Learning from the tragedy of the executed housemaid
Urgent plan needed to protect migrant workers
Rizana Nafeek's home in Sri Lanka. She went to Saudi Arabia to try and improve conditions for her family.
Published: January 31, 2013 08:01 AM GMT
Updated: January 31, 2013 05:40 PM GMT

The whole country mourned Rizana Nafeek, the Sri Lankan housemaid who was beheaded in Saudi Arabia on January 9.

Nafeek was sentenced to death in 2007 for killing the four-month-old baby son of her employers.

The housemaid, who was 17 at the time of the baby’s death in 2005, was accused of smothering the boy following a row with the baby’s mother.  Nafeek said the baby choked on milk.

The young woman came from a poor Muslim family living in Muttur, Trincomalee, around 280 kilometers northeast of Colombo.

The eldest of five siblings, she went to the Middle East hoping to earn enough money to build a house for her family and to educate her younger sisters and brother.

It has been noted that during her time in custody no lawyer was present to assist her during her interrogation and trial. The question that needs to be asked is, why?

I feel in the first instance that the Sri Lankan embassy in Saudi Arabia or officials in Colombo should have provided her with the required legal assistance. This never happened.

Upon her conviction the government should have filed an appeal on her behalf but refused, citing its policy of non-intervention if Sri Lankan workers face criminal charges abroad. Eventually an appeal was filed in 2008 by the Hong Kong-based Asian Human Rights Commission.

Lawyers defended Nafeek during the appeal. They pointed out that she was a minor at the time of the baby’s death and produced her real birth certificate.  They argued the court could not impose capital punishment on her as Saudi Arabia had ratified the United Nations Convention on Child Rights.

The lawyers also argued that Nafeek had not been hired as a nanny but as a general maid and had no prior training in child care. She had been alone while feeding the baby and did not know what to do when the baby started to choke. She said she had cried for help but there was nobody at home.

Nafeek, while testifying at her appeal, said she had signed a confession, written in Arabic which she could not read, under duress and as a result of torture.

At 17, Nafeek was under age when she went to Saudi Arabia using documents faked by employment agents. The state should have immediately prosecuted these agents when this fact came to light. Instead the agents were arrested three years later and received two-year prison terms and ordered to pay fines.

From 2010 to 2012, there was ample time for the government to negotiate with Saudi Arabia and the aggrieved family, but it did very little. The state president requested a pardon for Nafeek from the Saudi King on September 2012, which was rejected.

All this could have been avoided if the government had taken steps to help safeguard the interests of migrant workers. In Nafeek’s case the government also showed a lack of will to help her and seemed out of touch with what was going on.  

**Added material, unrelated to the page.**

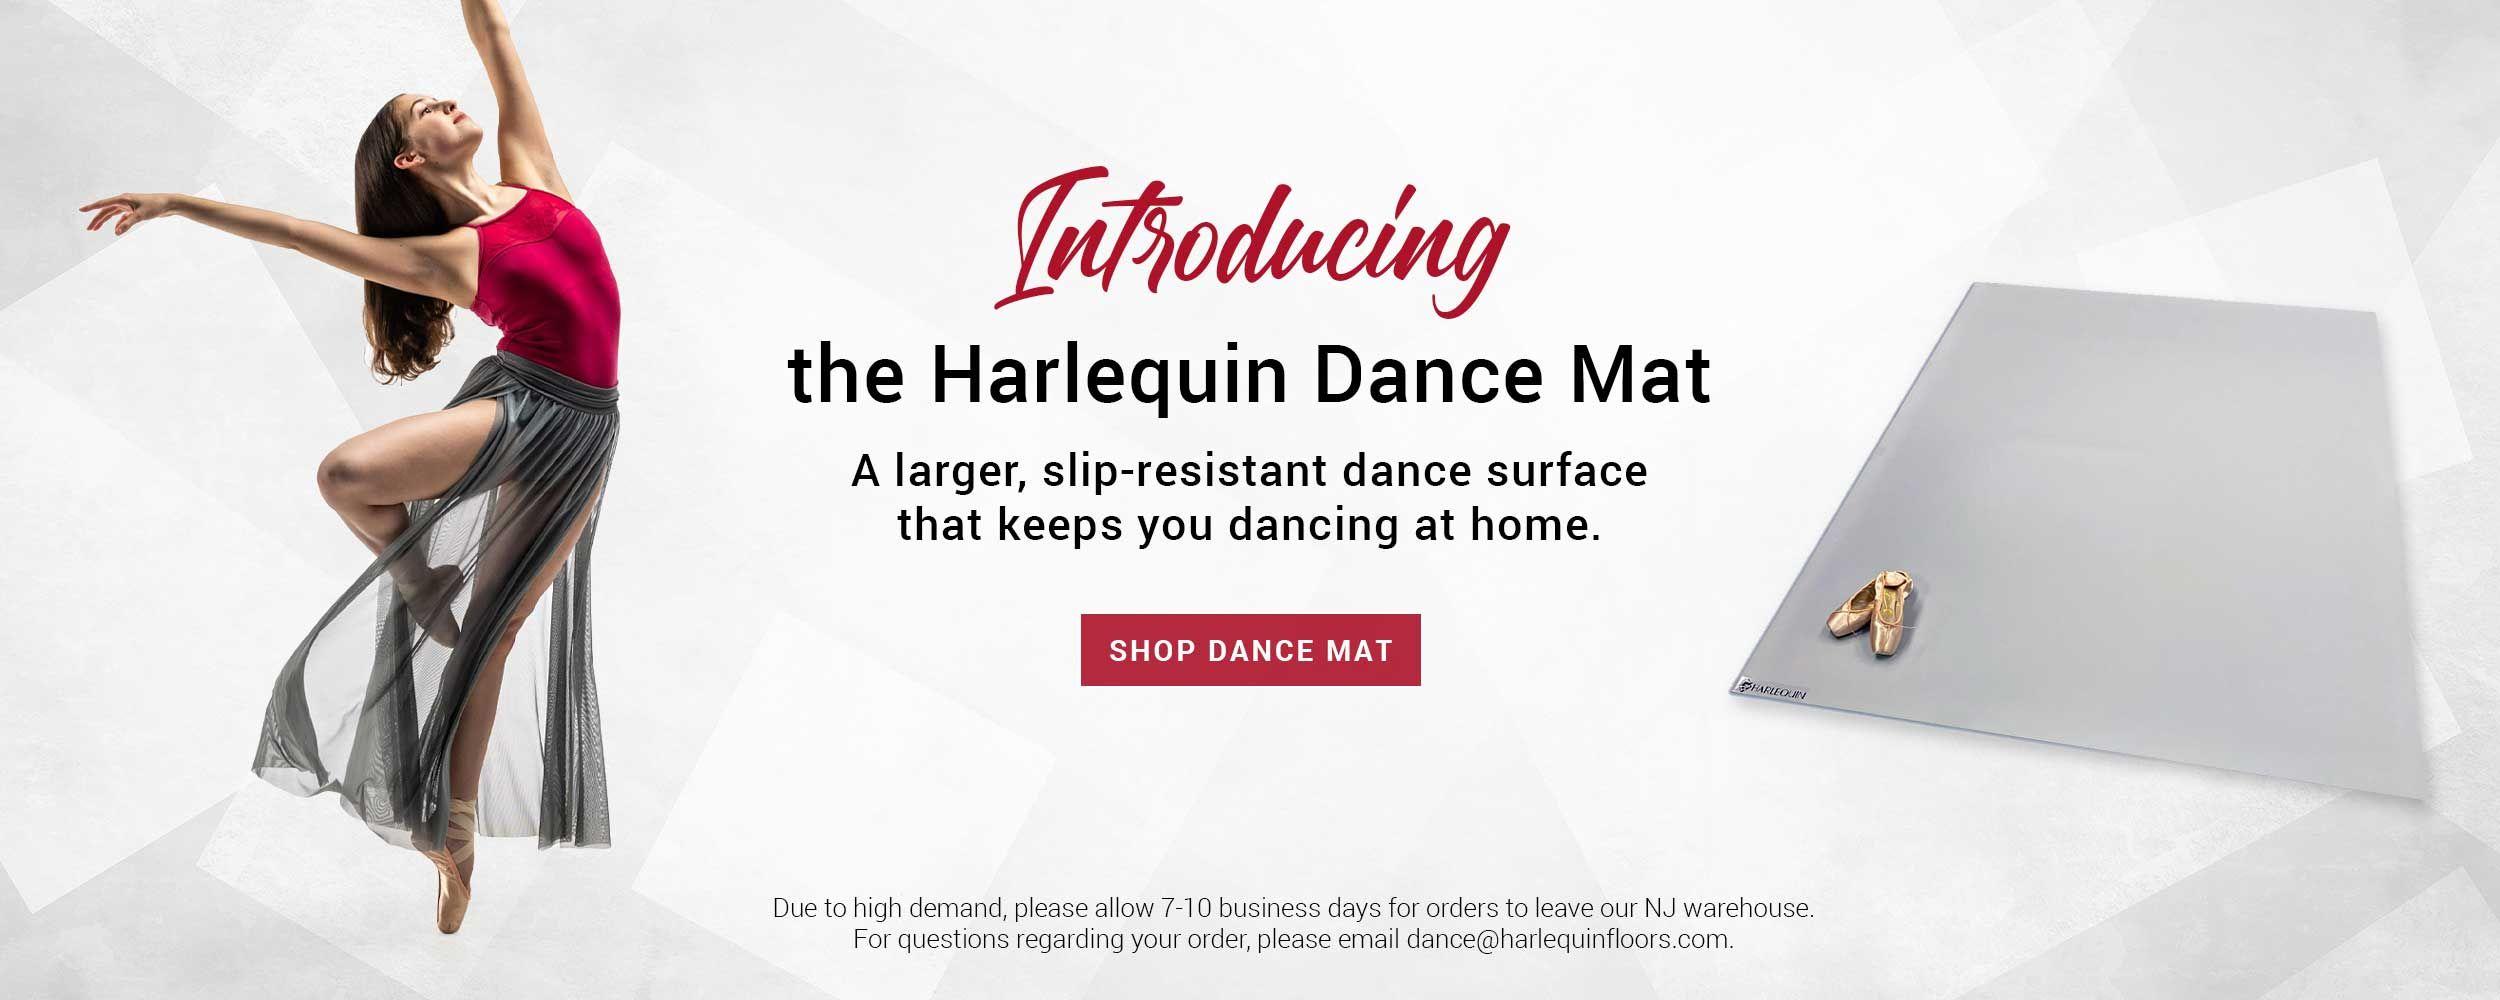 Harlequin Dance Mat Harlequin Floors In 2020 Harlequin Dance Harlequin Floors Dance Floor Vinyl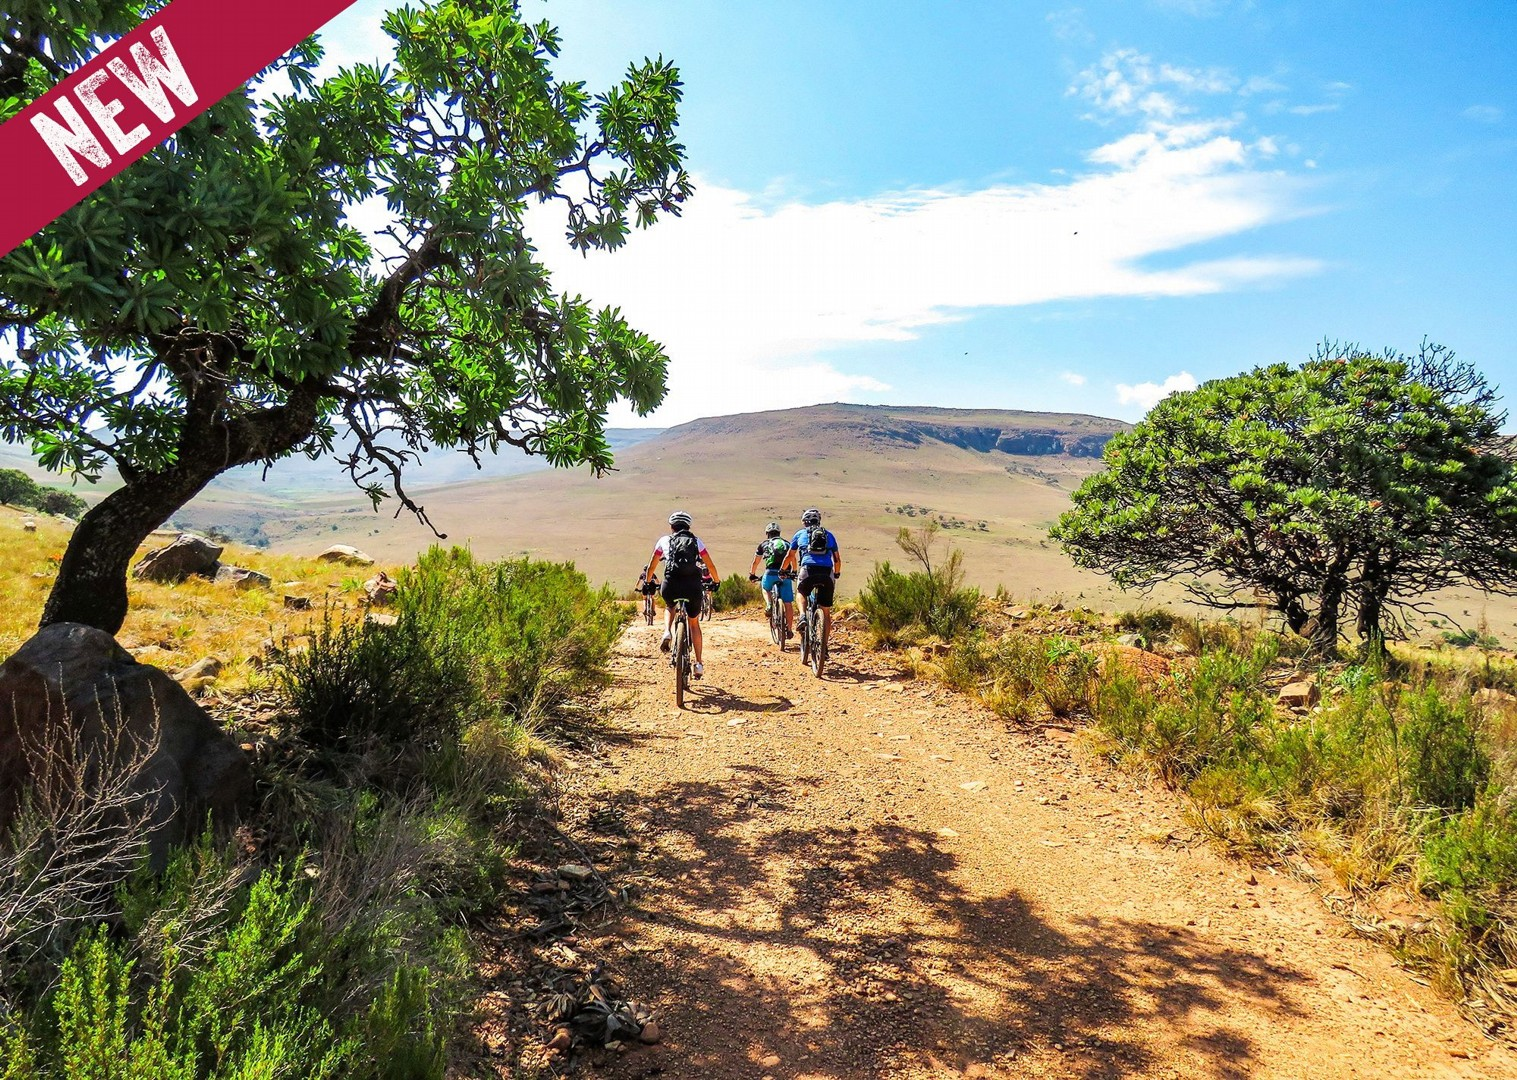 guided-mountain-bike-south-africa-and-botswana-holiday.jpg - NEW! South Africa and Botswana - Mountain Biking

On the day Nafeek was executed, the minister in charge of foreign employment stated in parliament that she was to be released soon. However just an hour later, news of her execution was revealed to parliament by an opposition member.

More must be done in future to prevent similar tragedies from occurring. Nearly 1.7 million Sri Lankans are employed abroad and the US$6 billion they sent home last year is a key source of income for the government.

This young girl was one of a large army of women who make enormous sacrifices to assist their families. They deserve more than the extremely inadequate services provided by our diplomatic missions in times of need.

There is no proper coordination between employers and the Sri Lankan Foreign Employment Bureau, which is supposed to look after the welfare of migrant workers through job agencies and diplomatic missions.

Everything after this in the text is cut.